Egyptian President Morsi didn't just fire Tantawi today. He overturned a constitutional declaration from Tantawi's military council that sought to tie the hands of the civilian president.
The expected showdown between Egyptian President Mohamed Morsi and the military establishment that has consistently maneuvered to preserve its own power and privilege arrived today, far sooner than almost everyone expected.
President Morsi, from the Muslim Brotherhood, sacked Defense Minister Mohamed Hussein Tantawi, who had headed the Supreme Council of the Armed Forces (SCAF), the junta that ran Egypt from the time Hosni Mubarak was ousted in February 2011 until Morsi's election earlier this year.
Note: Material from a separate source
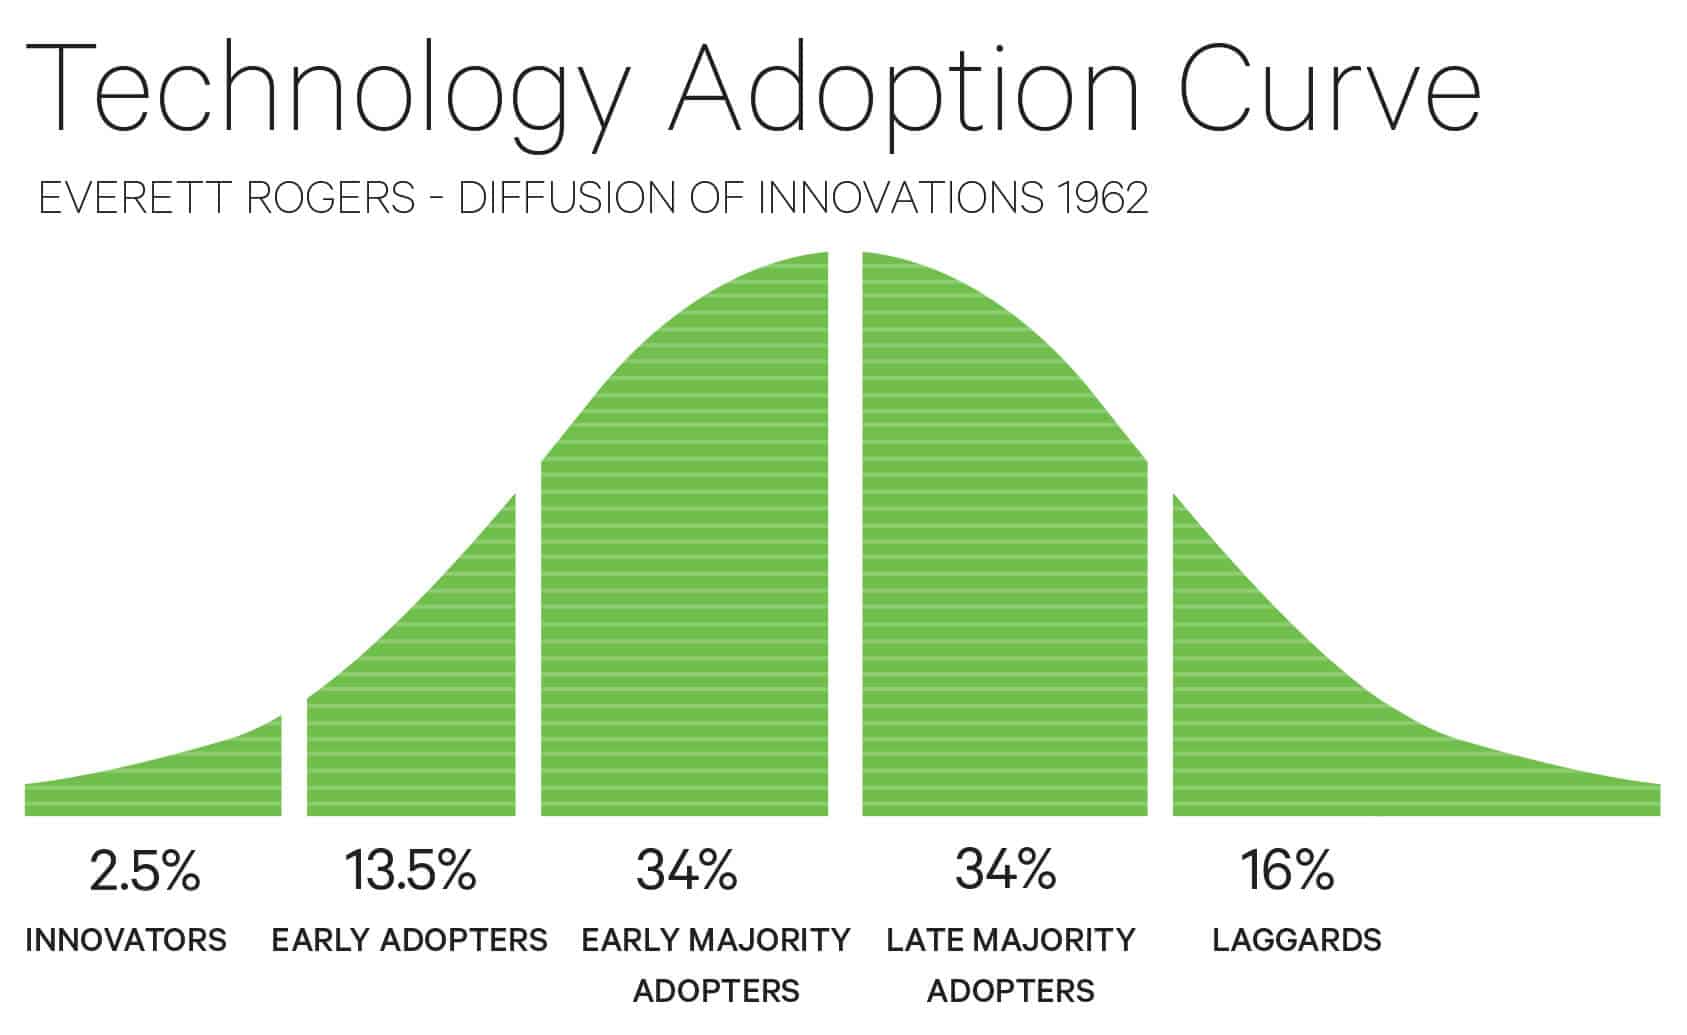 Technology adoption curve - Everett Rogers

Also fired were the acting chiefs of Egypt's military branches, who all served on the council. Morsi also unilaterally annulled constitutional declarations issued by SCAF that had taken the power to legislate out of Morsi's hands.
The reaction so far from the military? None.
There have been no statements, no mobilization of troops, no evidence that they're going to stand up to Egypt's first elected civilian president. The Muslim Brotherhood, a movement that was outlawed for decades and that the security establishment of Egypt was focused on containing for over 50 years, now theoretically holds all the formal political power in the Arab world's largest country. He can legislate, nominate members of the constitutional drafting committee, set foreign policy, and apparently shuffle the senior ranks of the military at will.